Once suspicion of thyroid disease is established by history and physical exam, laboratory testing is indicated (Figure 1). If the patient presents during the hyperthyroid phase of PPT, thyroid labs will reveal suppressed TSH. Further thyroid labs will reveal accompanied elevated free T4. With this pattern of thyroid function studies, it is important to rule out other causes of hyperthyroidism, especially Graves' disease. Symptoms of hyperthyroidism may be more pronounced in Graves' disease versus PPT. Graves' opthalmopathy is also absent in PPT. The 24-hour radioactive iodine uptake on thyroid scan is typically low in PPT (related to thyrocyte destruction by the autoimmune process), whereas uptake will be high in Graves' disease (related to persistent activation of thyrocytes by the auto-antibody thyroid-stimulating immunoglobulin). A radioactive iodine thyroid uptake study may not be an appropriate diagnostic tool for all women, as it is contraindicated in women who are breastfeeding.

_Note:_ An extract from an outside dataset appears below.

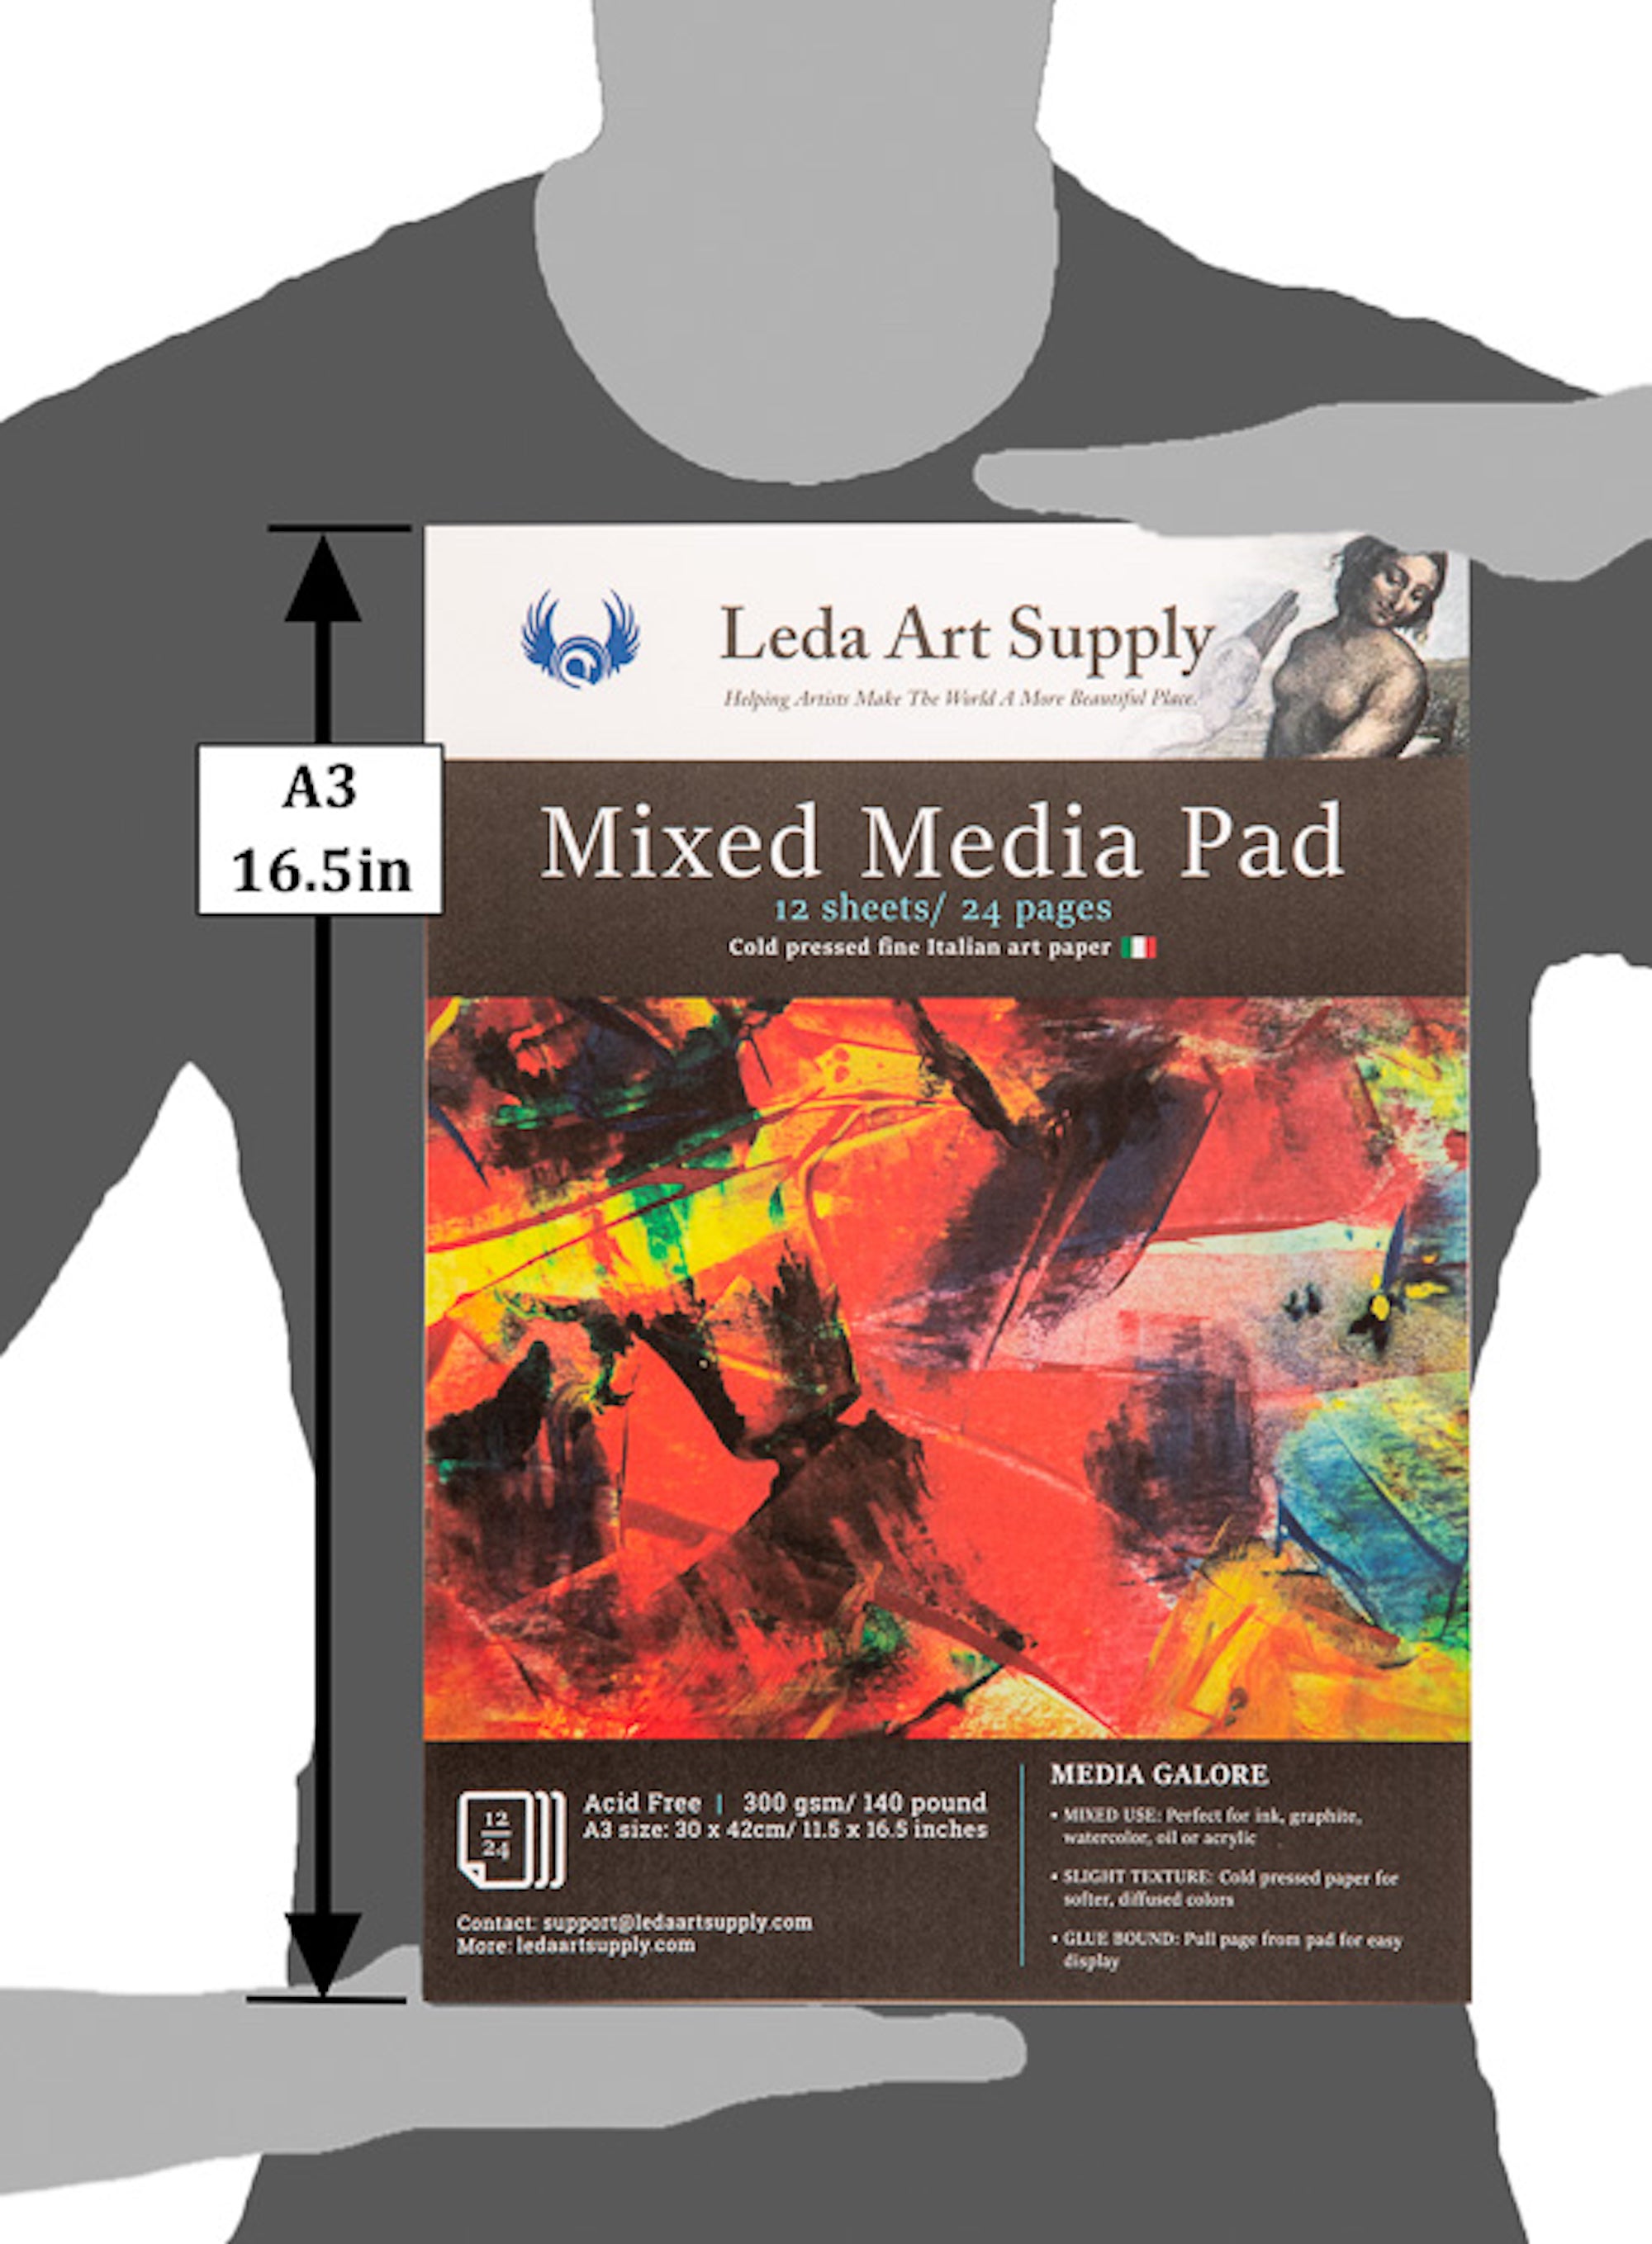  Leda's Mixed-Media Pad 2-Pack for Watercolor, Acrylic, Oil Painting, Markers, Pens or Ink (A3 size 11.5 x 16.5)

Table 4: Graves' disease versus PPT
Patients may also present in the hypothyroid phase of PPT. A history of hyperthyroid symptoms preceding hypothyroid symptoms would provide support for a diagnosis of PPT. In the hypothyroid state, the TSH will be above normal, and free T4 will be low.
Findings of an asymmetric or nodular thyroid gland would lead to consideration of toxic multinodular goiter or a single toxic nodule. A tender thyroid gland that is accompanied by symptoms of viral infection would be associated with acute painful thyroiditis.

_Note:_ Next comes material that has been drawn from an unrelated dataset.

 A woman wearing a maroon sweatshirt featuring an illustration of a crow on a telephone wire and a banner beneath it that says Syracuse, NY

In the hyperthyroid phase of PPT, intervention with propranolol was recommended for women with symptoms of
palpitations, fatigue, heat intolerance, and/or nervousness. The dose of propranolol should be titrated to achieve symptomatic relief. The duration of therapy typically does not exceed 2 months. Treatment decisions for women in the hypothyroid phase of PPT depend on both the degree of hypothyroidism and whether the woman is attempting pregnancy. Asymptomatic women who are not planning a subsequent pregnancy and whose TSH level is between 4 and 10 do not necessarily require intervention and should, if untreated, be reevaluated in 4–8 wk. Women with a TSH between 4 and 10 who are either symptomatic or attempting to become pregnant should be treated with thyroxine. Finally, all women with a TSH that exceeds 10 should be treated with thyroxine.